**AVAILABLE DATA**
┌──
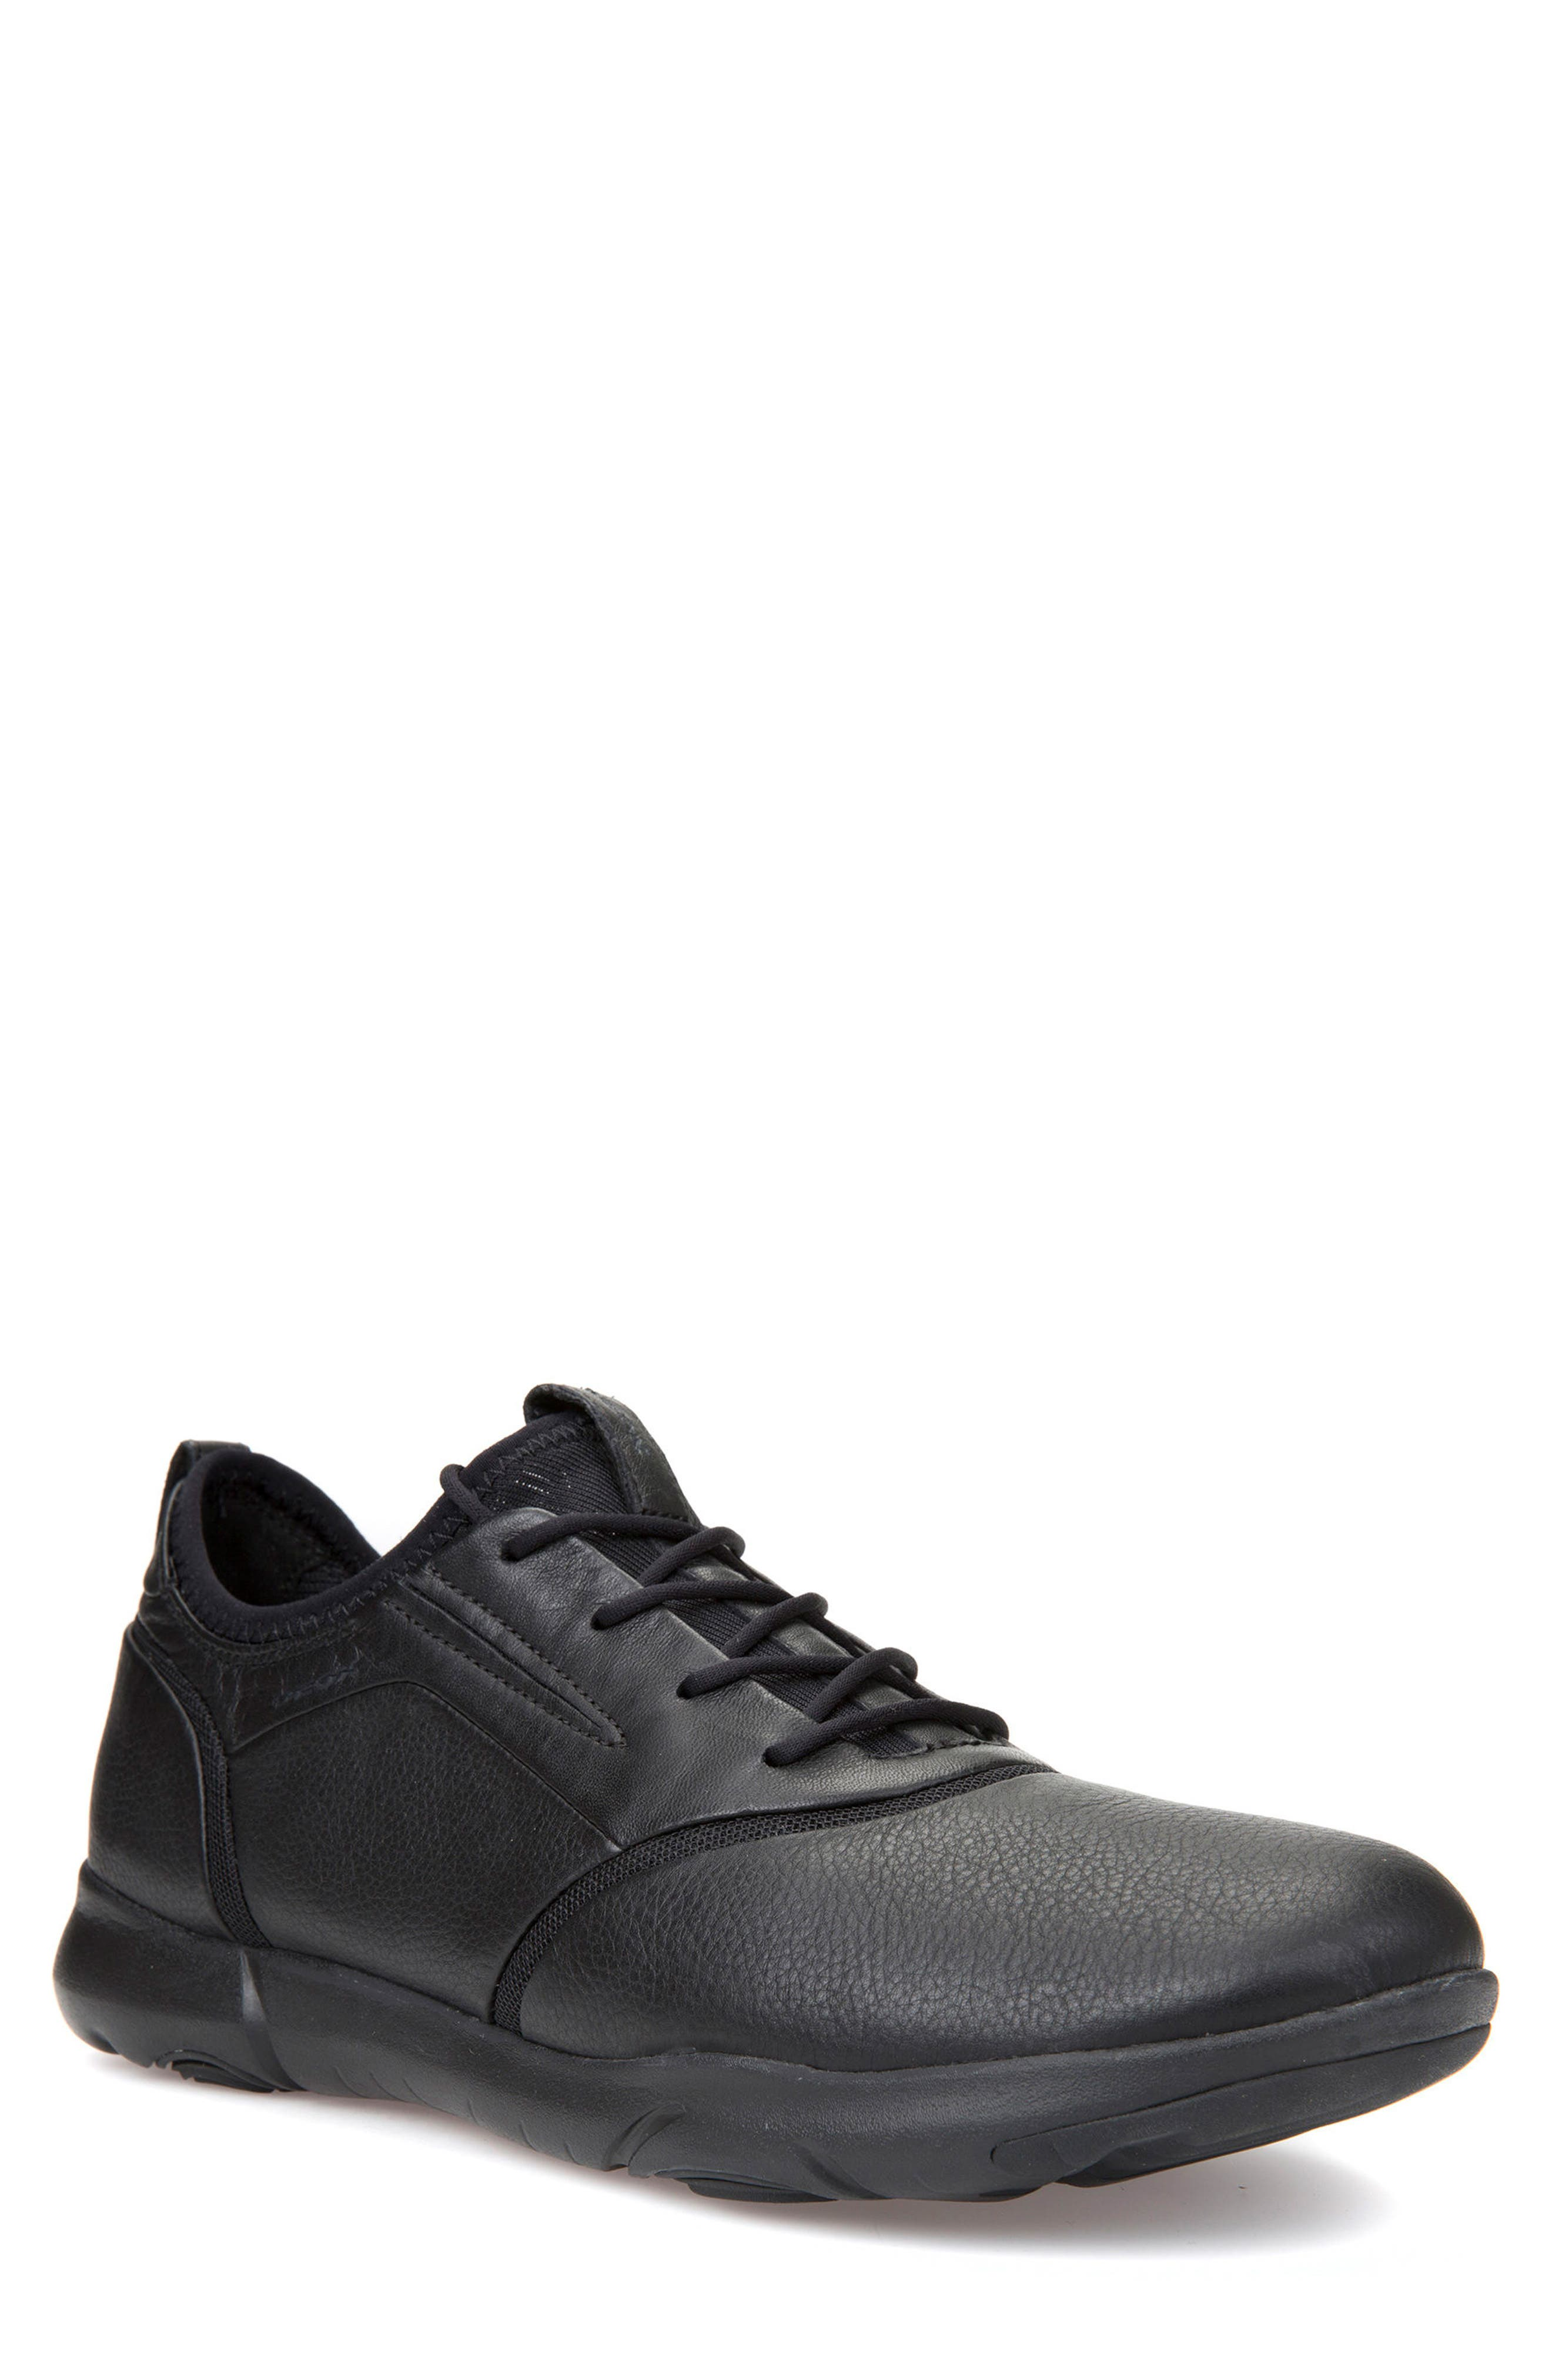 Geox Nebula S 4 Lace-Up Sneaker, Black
└──
┌──
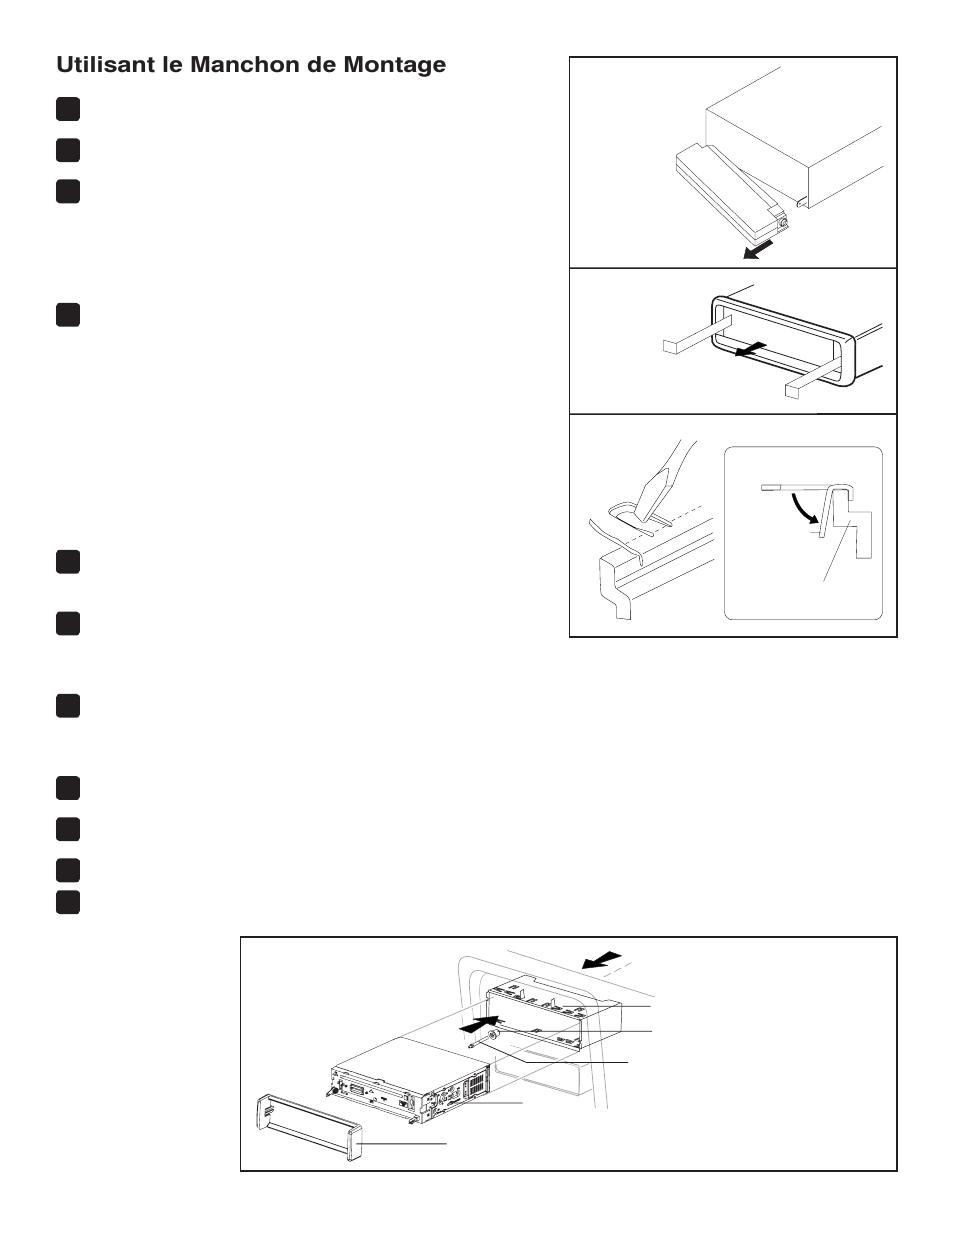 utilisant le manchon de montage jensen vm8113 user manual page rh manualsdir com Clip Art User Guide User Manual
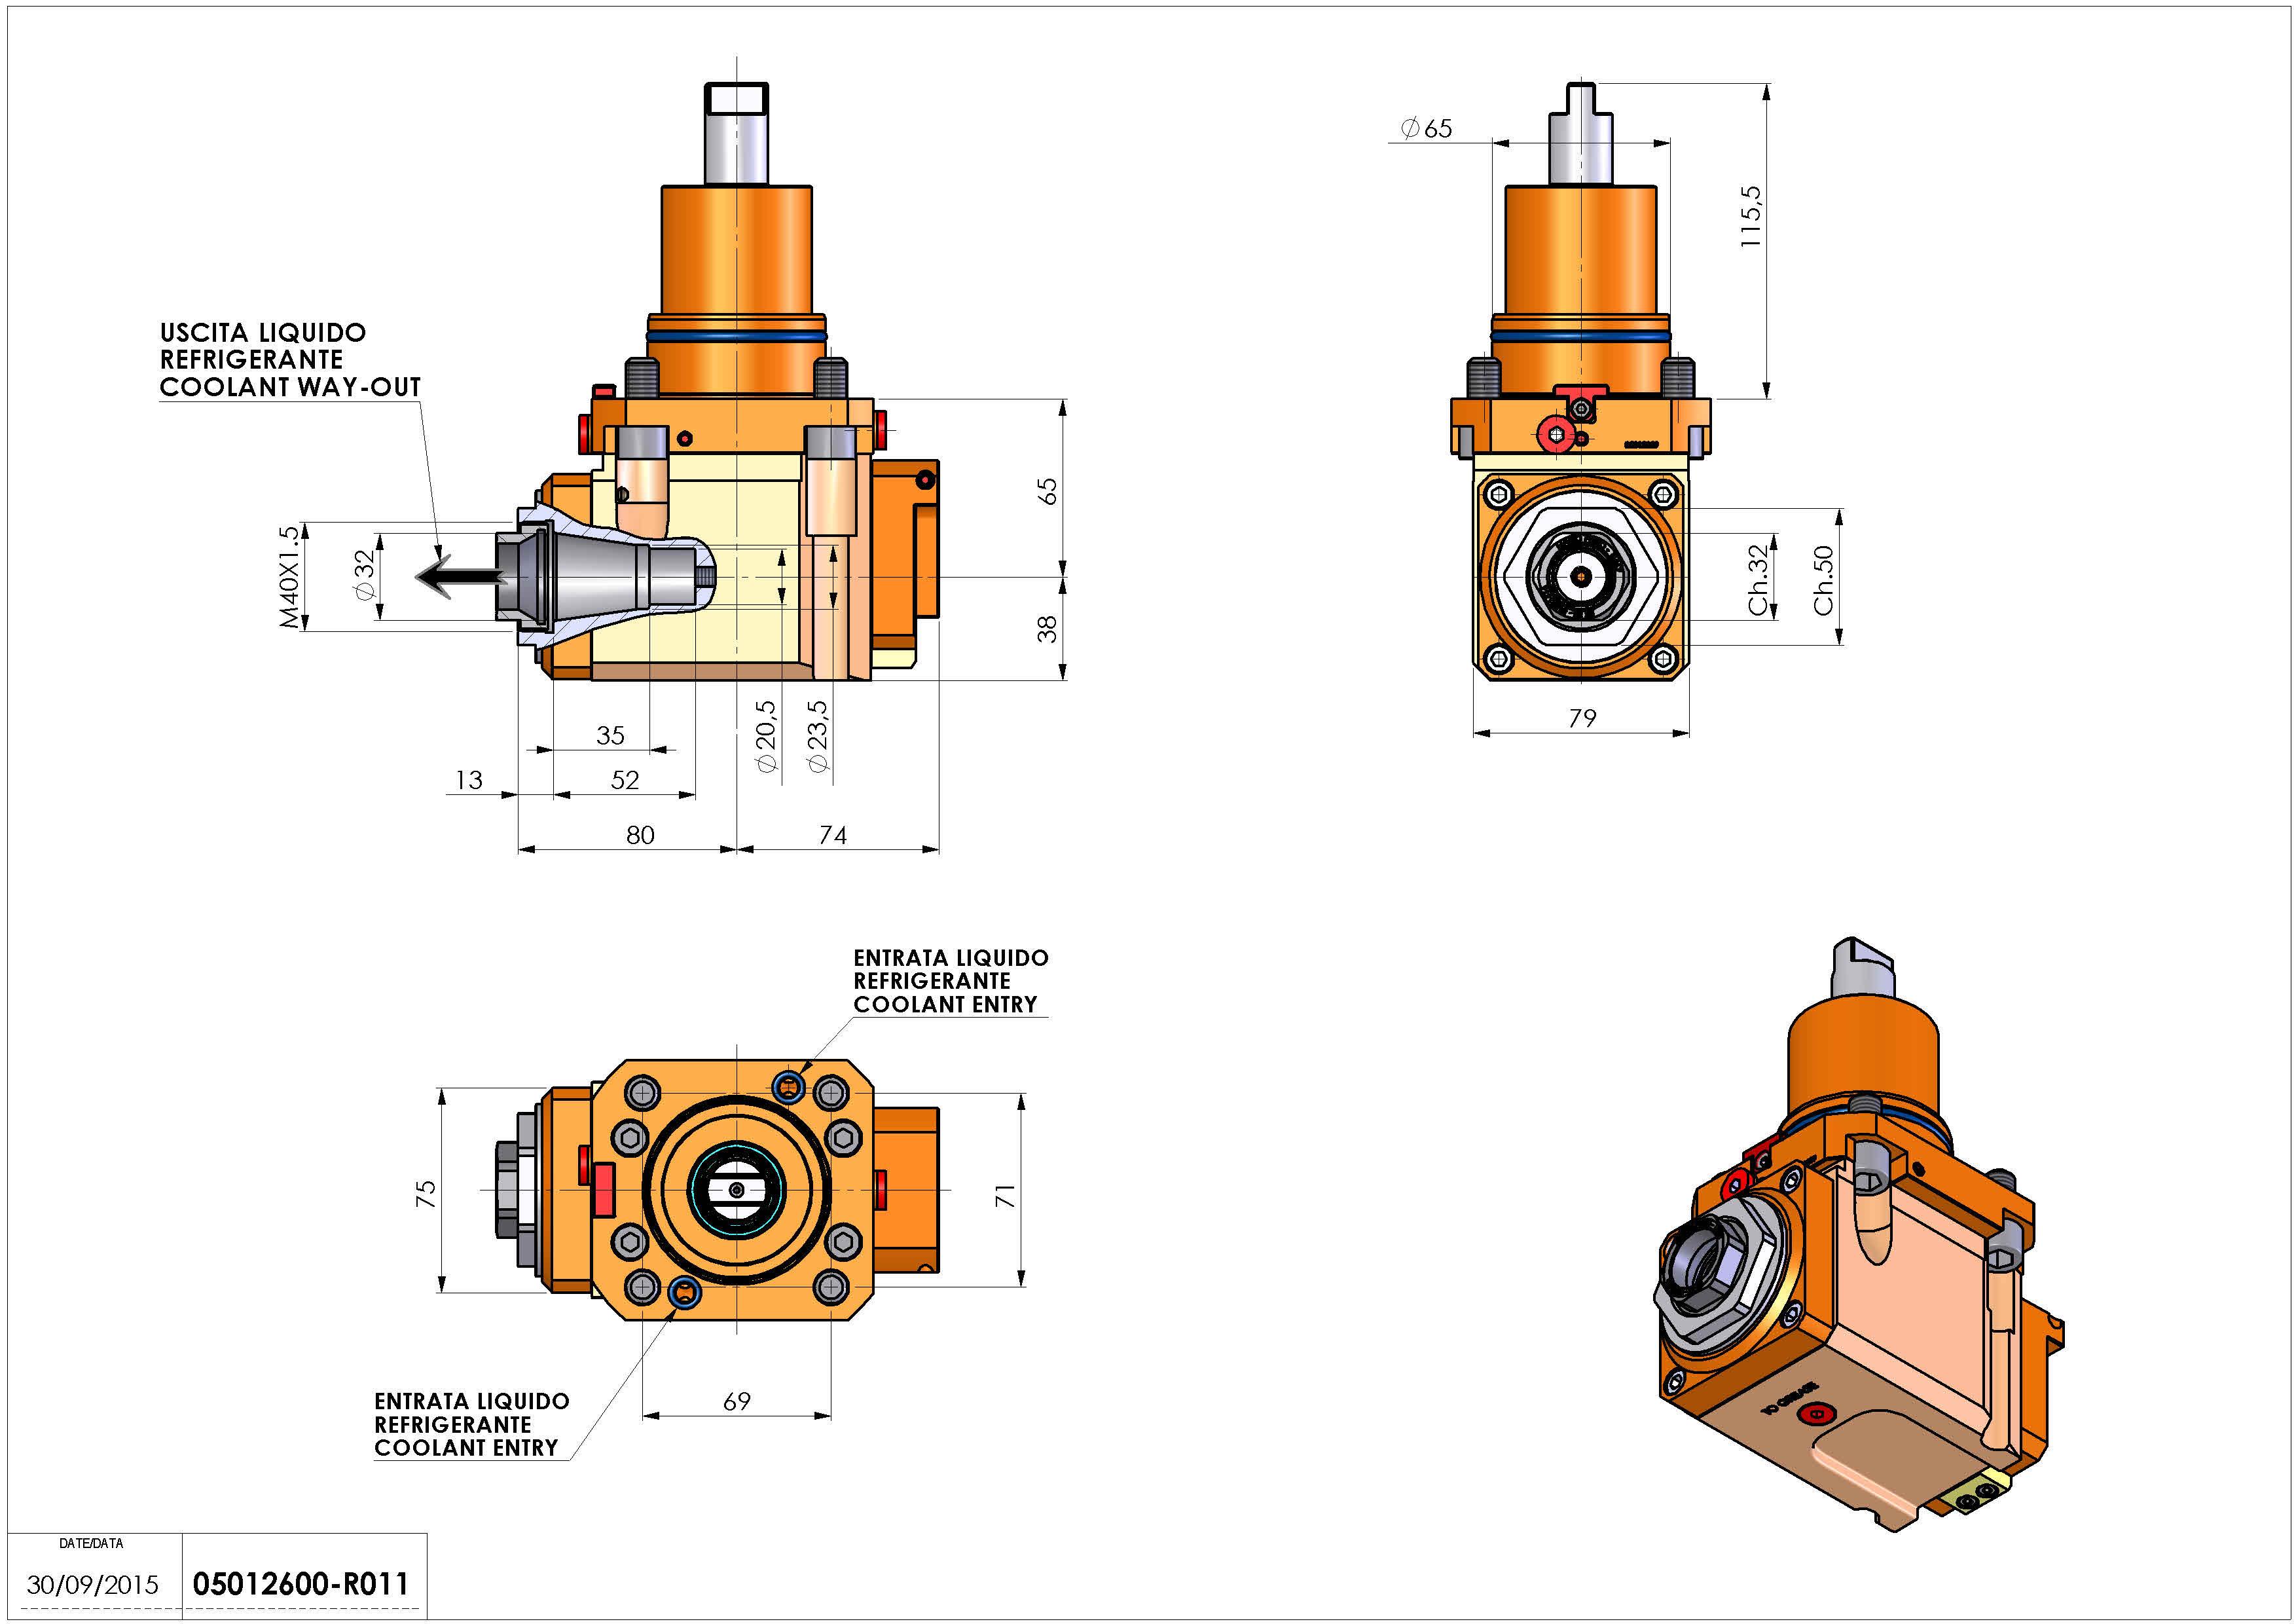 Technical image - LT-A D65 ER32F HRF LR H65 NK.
└──
┌──
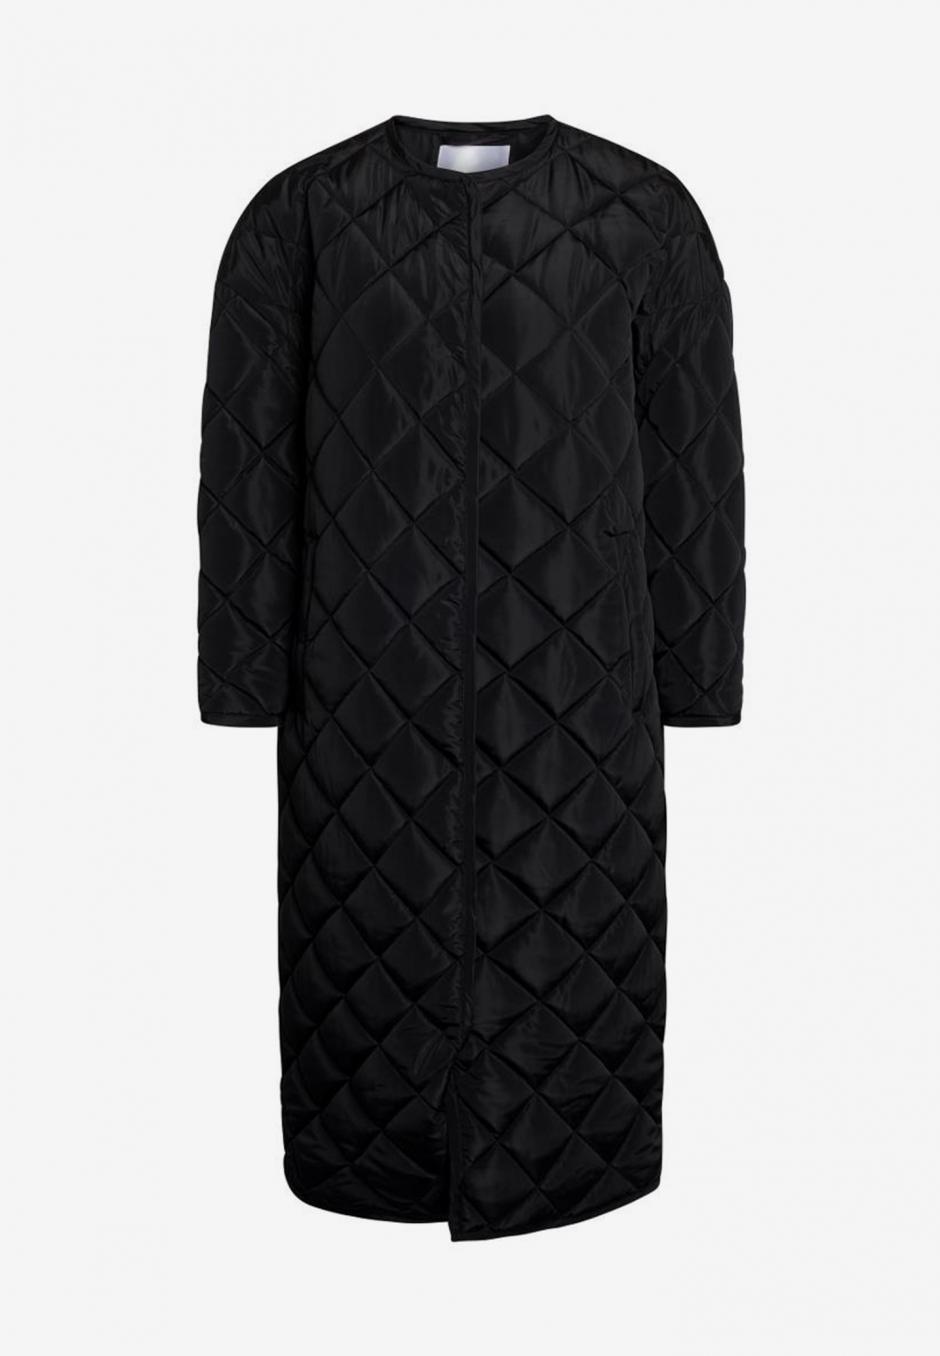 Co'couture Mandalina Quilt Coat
└──
**WHAT YOU SHOULD DO**
The answer is those lines of the material above that run from the one containing "utilisant le manchon" up to and including the one containing "Technical image - LT-A", restated exactly and without images.

**ANSWER FOR THIS EXERCISE**
 utilisant le manchon de montage jensen vm8113 user manual page rh manualsdir com Clip Art User Guide User Manual
 Technical image - LT-A D65 ER32F HRF LR H65 NK.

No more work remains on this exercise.